§ Data excerpt
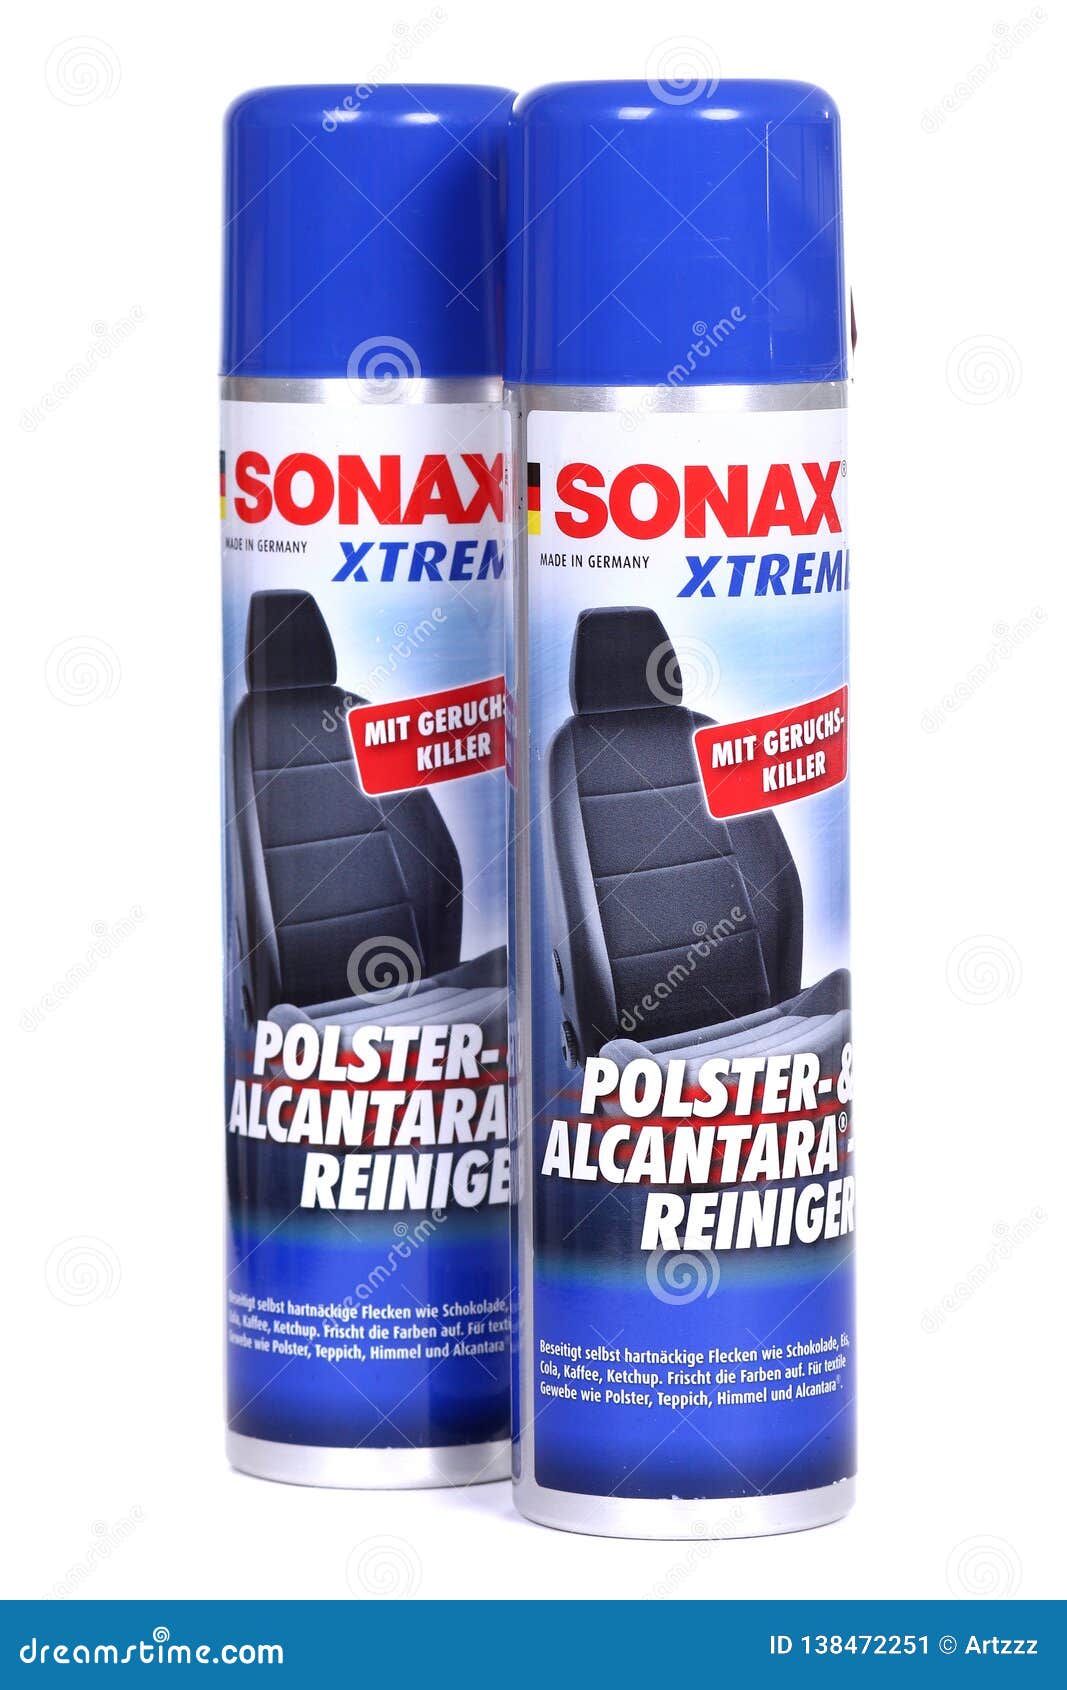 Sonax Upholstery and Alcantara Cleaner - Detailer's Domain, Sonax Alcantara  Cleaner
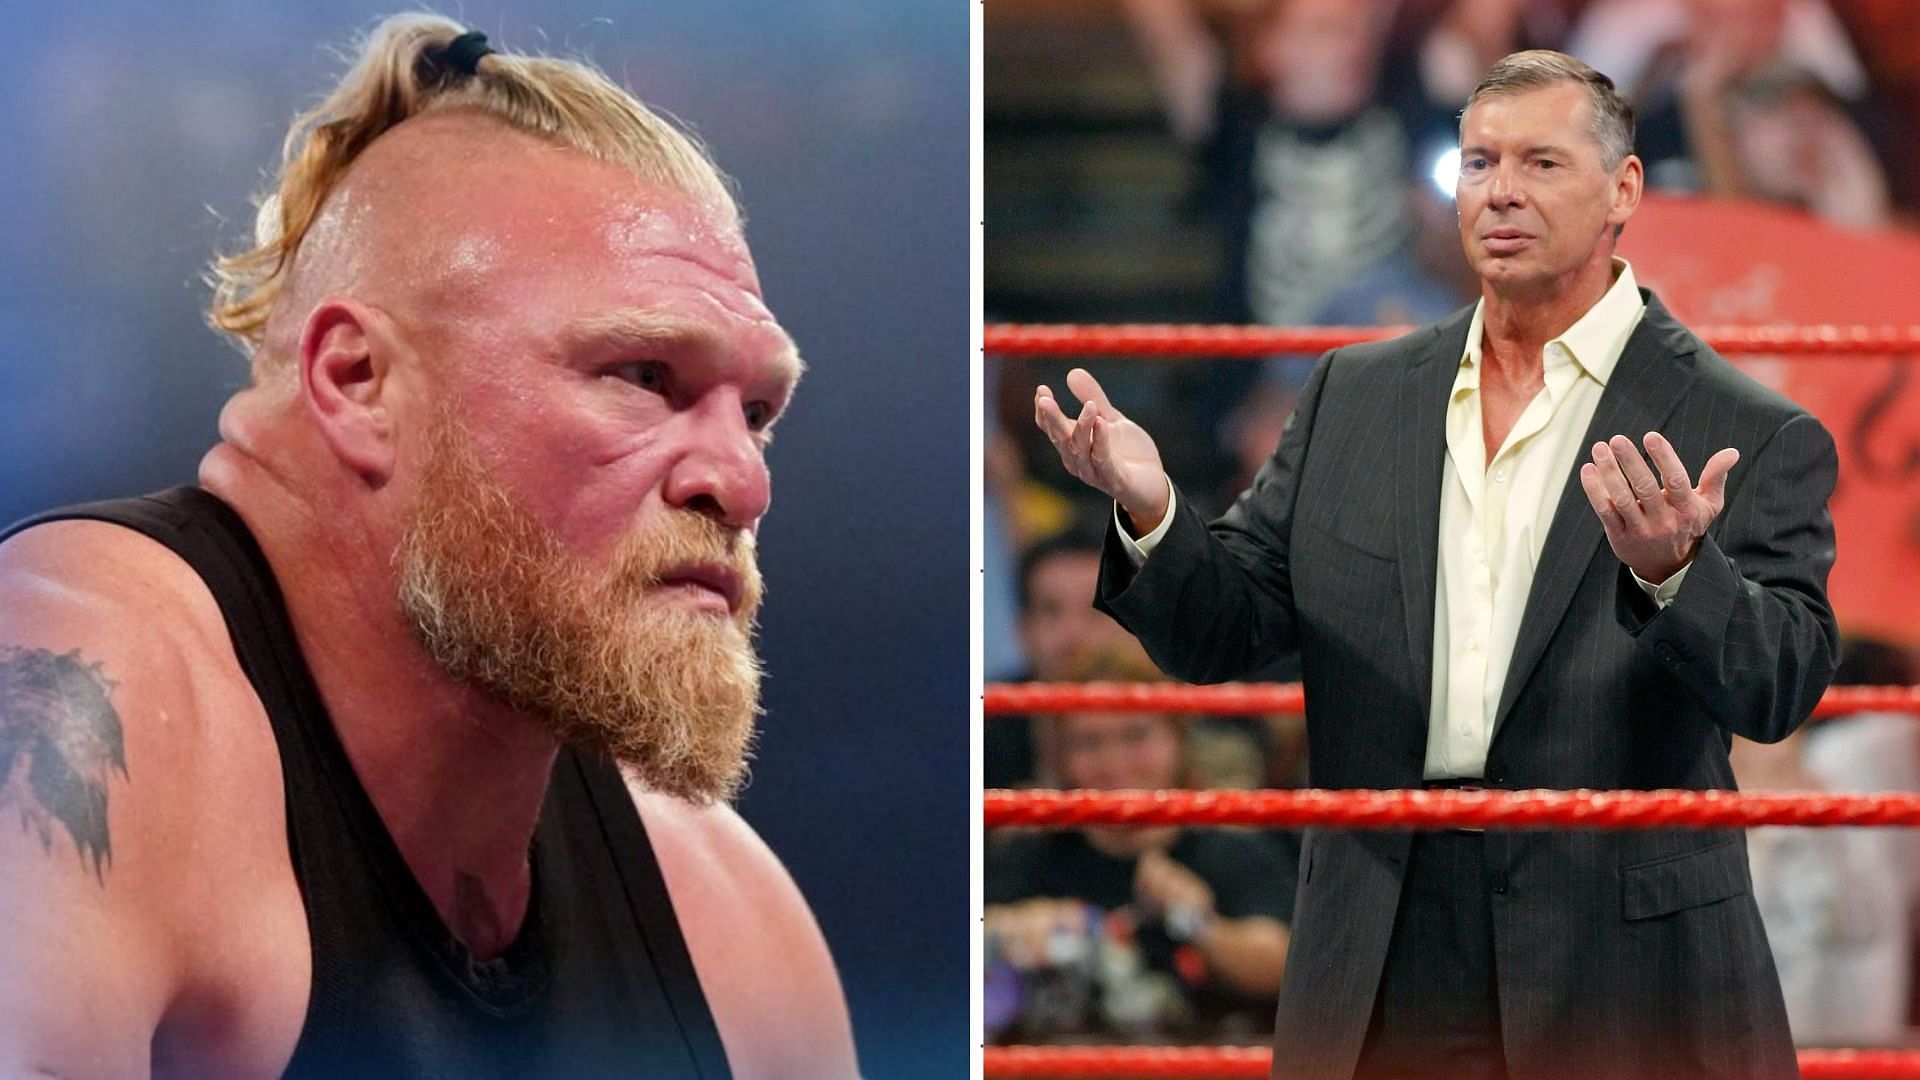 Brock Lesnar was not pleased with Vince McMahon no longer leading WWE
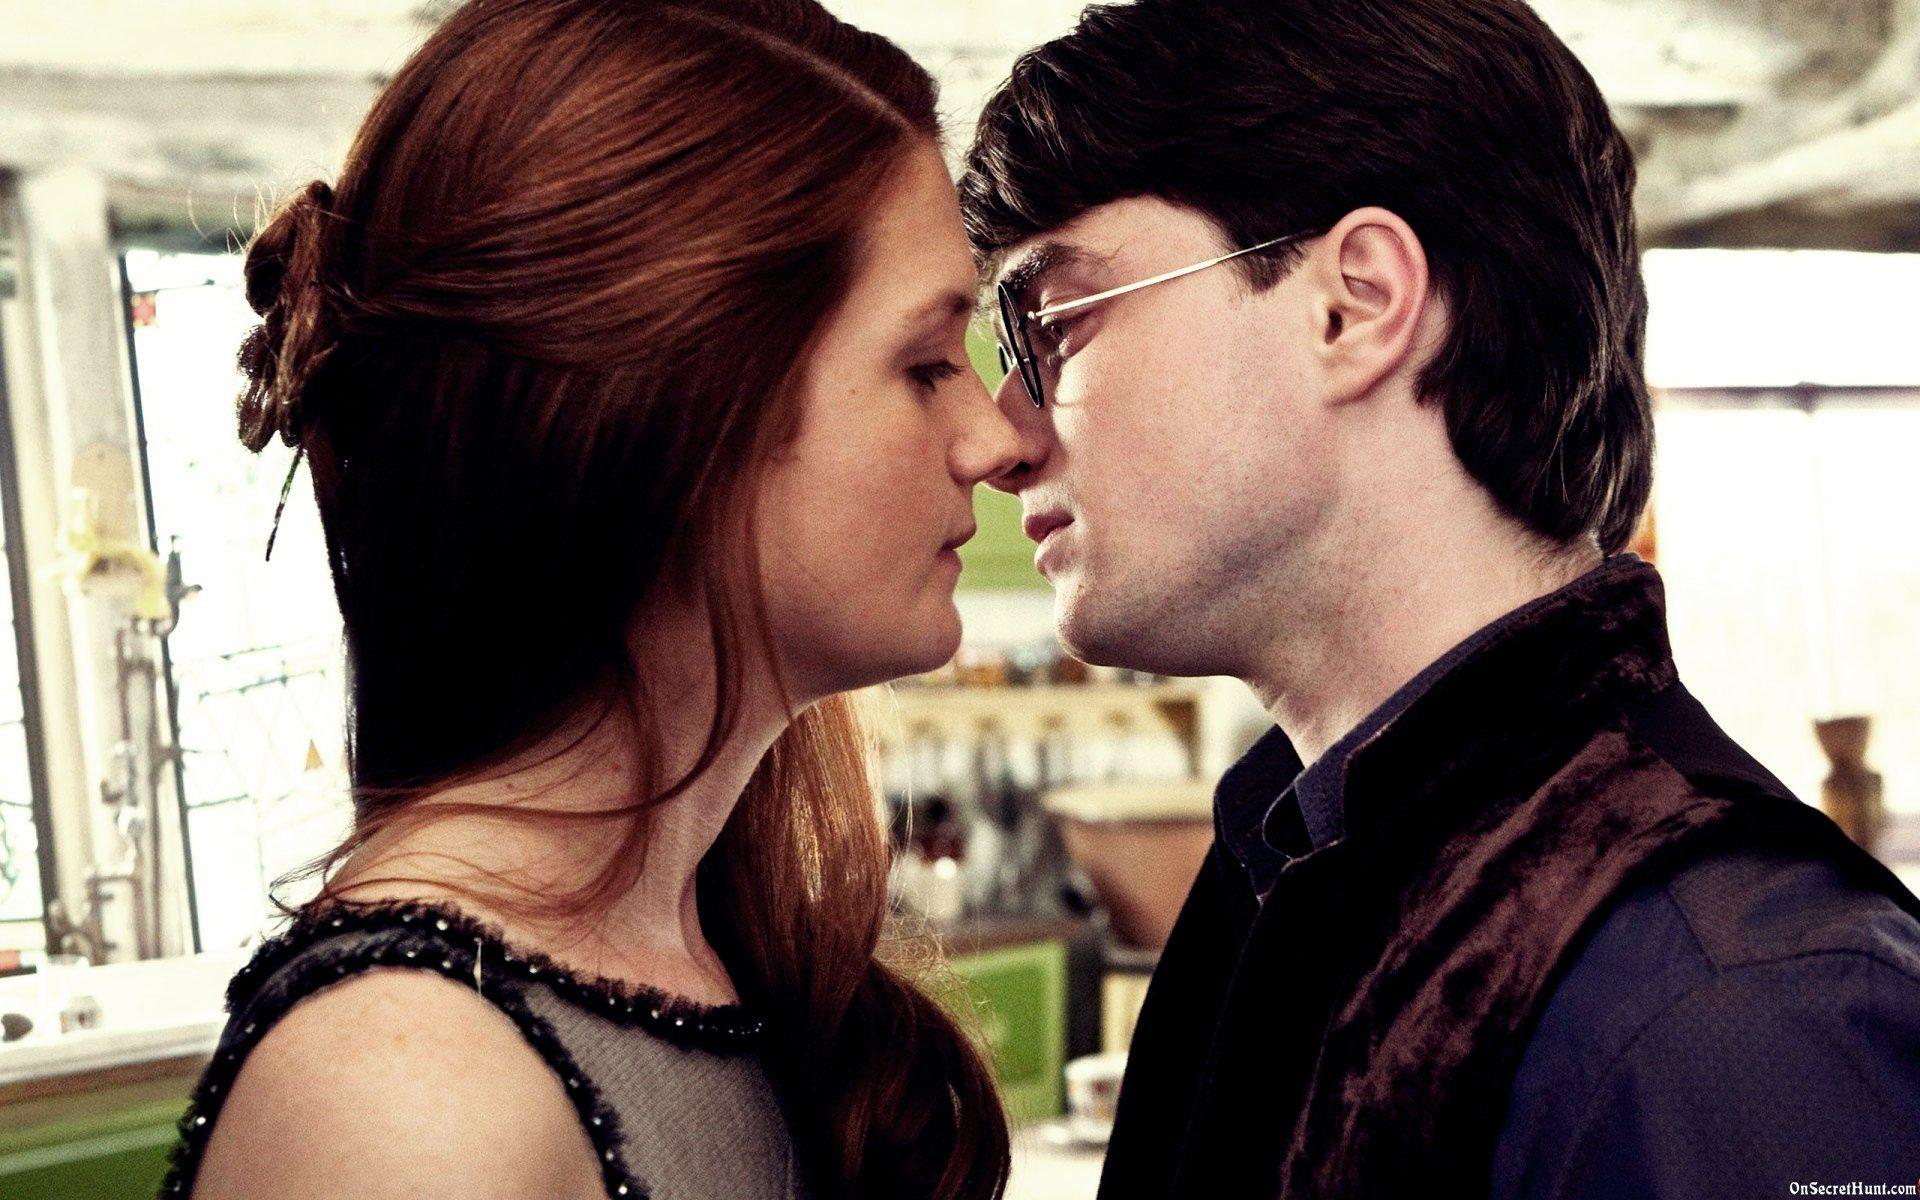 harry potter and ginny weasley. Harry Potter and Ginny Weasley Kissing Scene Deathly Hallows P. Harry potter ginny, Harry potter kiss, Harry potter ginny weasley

§ Exercise aim
An unchanged copy of the listing, with no pictures, should be returned.

§ Result below
 Sonax Upholstery and Alcantara Cleaner - Detailer's Domain, Sonax Alcantara  Cleaner
 Brock Lesnar was not pleased with Vince McMahon no longer leading WWE
 harry potter and ginny weasley. Harry Potter and Ginny Weasley Kissing Scene Deathly Hallows P. Harry potter ginny, Harry potter kiss, Harry potter ginny weasley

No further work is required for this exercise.